Pour l’Etat, il n’y a pas 36 moyens pour agir directement sur le pouvoir d’achat. Il faut diminuer les impôts et taxes ou augmenter les redistributions.

D’où les mesures récemment annoncées comme la défiscalisation des heures supplémentaires (pour le salarié), la suppression de la taxe d’habitation, la baisse de la CSG pour 300 000 retraités ou la diminution des cotisations salariales.

Or, il faut savoir que, contrairement à ce que tous les dépensiers de l’argent des autres prétendent, stimuler la demande ne soutient pas le taux d’emploi si sa faiblesse est due au niveau élevé du chômage structurel. Et c’est tout à fait le cas en France.

La France ne souffre pas d’un problème de demande mais d’offre qui limite sa production et son emploi. Tant que ces problèmes n’ont pas été corrigés, accroître le pouvoir d’achat induit mécaniquement une hausse des importations donc une dégradation de notre balance commerciale, ne résout en rien le problème du chômage structurel et provoque une hausse de l’endettement du fait des baisses d’impôts et taxes.

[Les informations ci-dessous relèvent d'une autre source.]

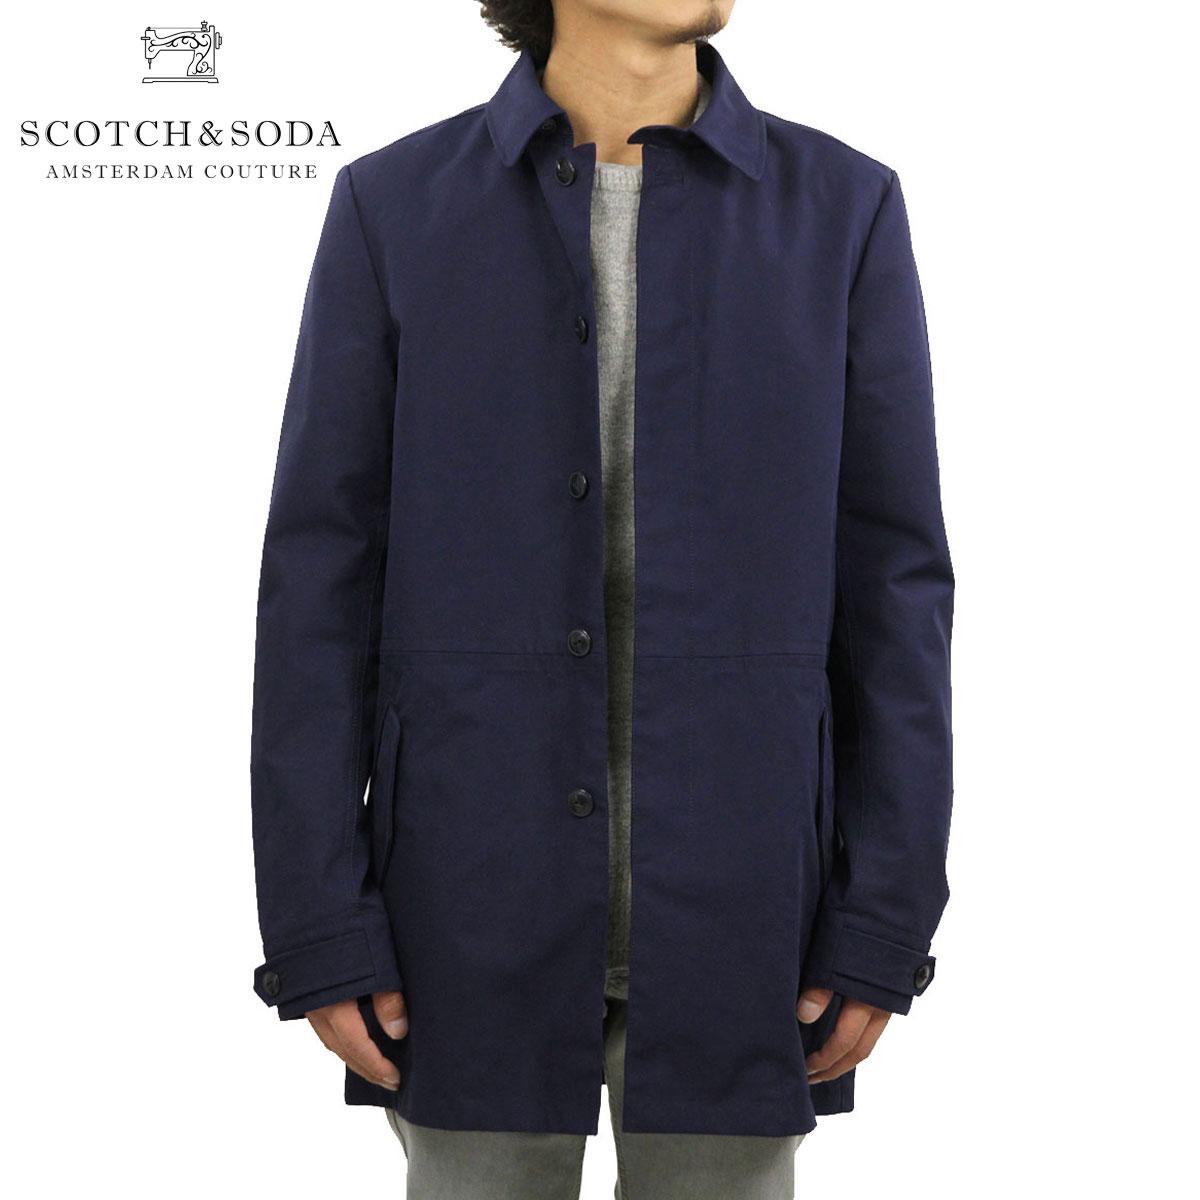 スコッチアンドソーダ SCOTCH&SODA 正規販売店 メンズ アウターコート Ams Blauw Bonded Trench Coat 100004 59 D00S20

D’une manière générale, baisser des impôts qui n’ont pas d’effet clair sur le taux d’emploi dégrade les finances publiques sans contribuer à, ce qui devrait être notre premier objectif, la réduction du chômage structurel.

Comme le dit très bien Patrick Artus dans une récente note « on ne peut pas distribuer des revenus qui n’existent pas ». Le pouvoir d’achat n’augmentera qu’avec une augmentation des revenus.

D’autant, rajoute t’il « qu’à la différence des autres pays de l’OCDE, la France n’a connu ni déformation du partage des revenus au détriment des salariés, ni hausse des inégalités après politiques redistributives, ni hausse de la pauvreté ».

L’idée, présentée comme une évidence, que la sauvegarde sinon la hausse du pouvoir d’achat doit être considérée comme le premier devoir d'un bon dirigeant, crée une pression inutile et potentiellement dangereuse si elle vient en contradiction avec d’autres actions plus importantes.

Mais ce discours-là est difficile à faire passer auprès d’une population à qui les medias et les populistes ont toujours fait croire que la richesse d’un pays, et donc de ses habitants, ne dépendait que du bon vouloir d’un Etat nécessairement généreux avec… l’argent des autres ou pire encore avec de l’argent qu’il n’a pas.